L’idealizzazione della maternità cela la complessità del rapporto madre-figlio. Eppure è sempre possibile che, in quell’ambito delicatissimo, insorgano dissonanze, ambivalenze e conflitti. Si spera che col tempo le cose si aggiustino ma, nella maggior parte dei casi, l’intervento psicoterapeutico precoce è la scelta migliore per rimettere in moto lo sviluppo di un legame che deve allentarsi senza smarrire la sua carica affettiva. In proposito, la Fondazione Benedetta d’Intino di Milano condivide il suo straordinario patrimonio di esperienza e di sapere in periodici convegni di altissimo livello scientifico, eppure capaci di parlare non soltanto agli addetti ai lavori, ma a tutti coloro che hanno a cuore il benessere dei bambini.
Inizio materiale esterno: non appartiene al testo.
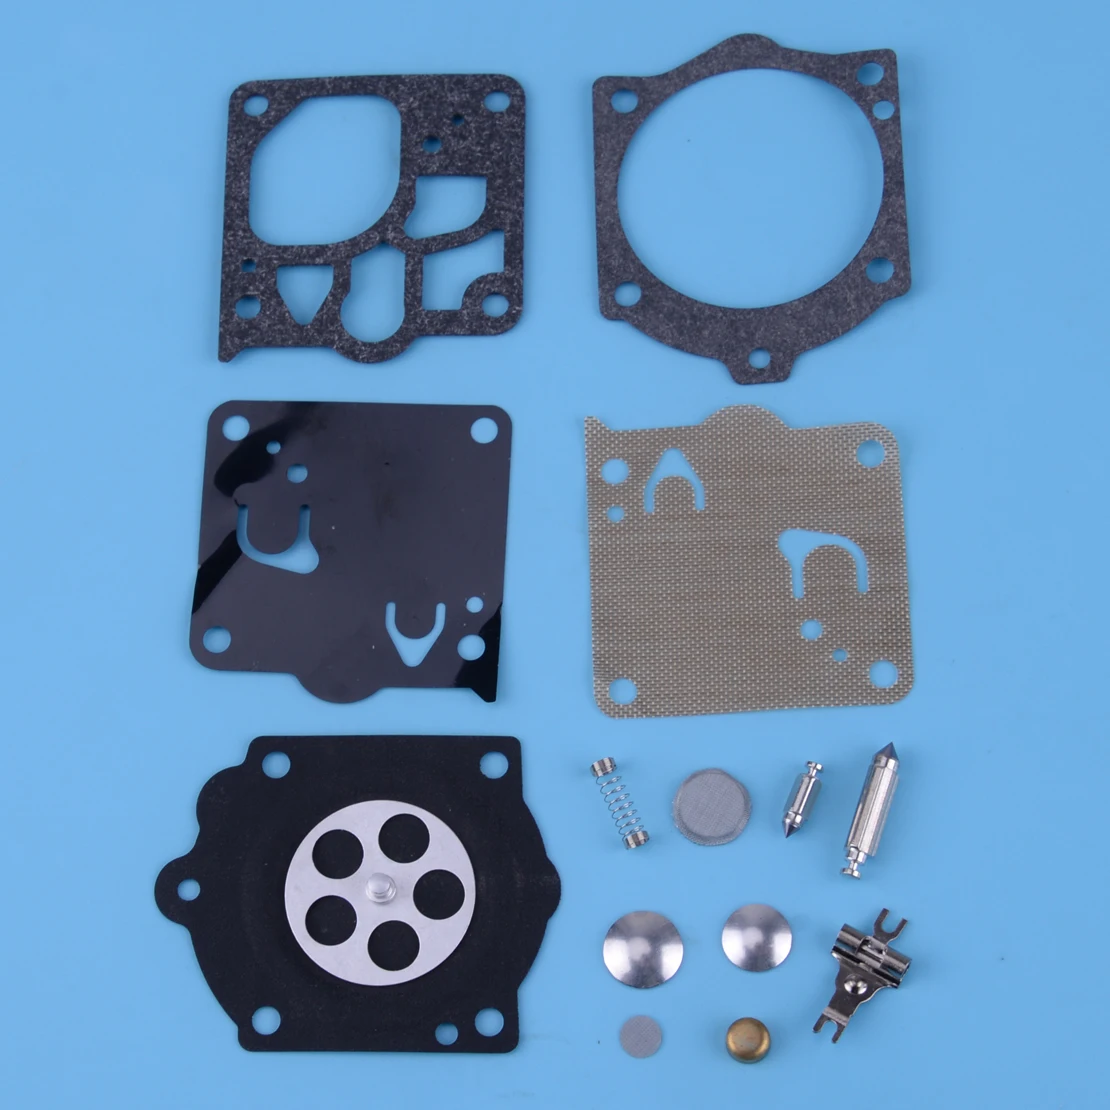 

Carburetor Carb Rebuild Repair Kit Gasket Diaphragm Fit For Stihl 066 050 051 056 064 076 MS660

All’orizzonte vi è la convinzione che oggetto della cura non sia il bambino, ma la relazione che gli adulti di riferimento intrattengono con lui.

Di solito accade che si proiettino tutti i problemi sul piccolo, preferendo considerarsi semplici spettatori del suo malessere. Ma non è così: se vogliamo comunicare davvero, dobbiamo metterci in gioco imparando a riconoscere le emozioni che ci animano. Questo vale anche per i più piccoli, come insegna lo psicoanalista Bjorn Salomonsson, del Centro Mama Mia di Stoccolma. Salomonsson crede nella possibilità di dar voce ai sentimenti che provano bambini che ancora non parlano. Racconta, in proposito, di aver rimosso il blocco che impediva un normale processo di attaccamento di un neonato alla sua mamma –—colpiti da traumi che avevano turbato la gestazione e il parto — rivolgendosi al piccolo così: «La tua mamma ha attraversato momenti terribili. Pensava che tu potessi morire mentre eri nella sua pancia. Non sapeva se avrebbe mai potuto tenerti tra le braccia e amarti. Non sapeva nemmeno se lei sarebbe sopravvissuta». Il piccolo ascolta, guardandolo calmo e con attenzione. Il terapeuta commenta: «Sembra un viaggiatore seduto in una stazione, in attesa che arrivi il treno dell’amore e lo prenda a bordo».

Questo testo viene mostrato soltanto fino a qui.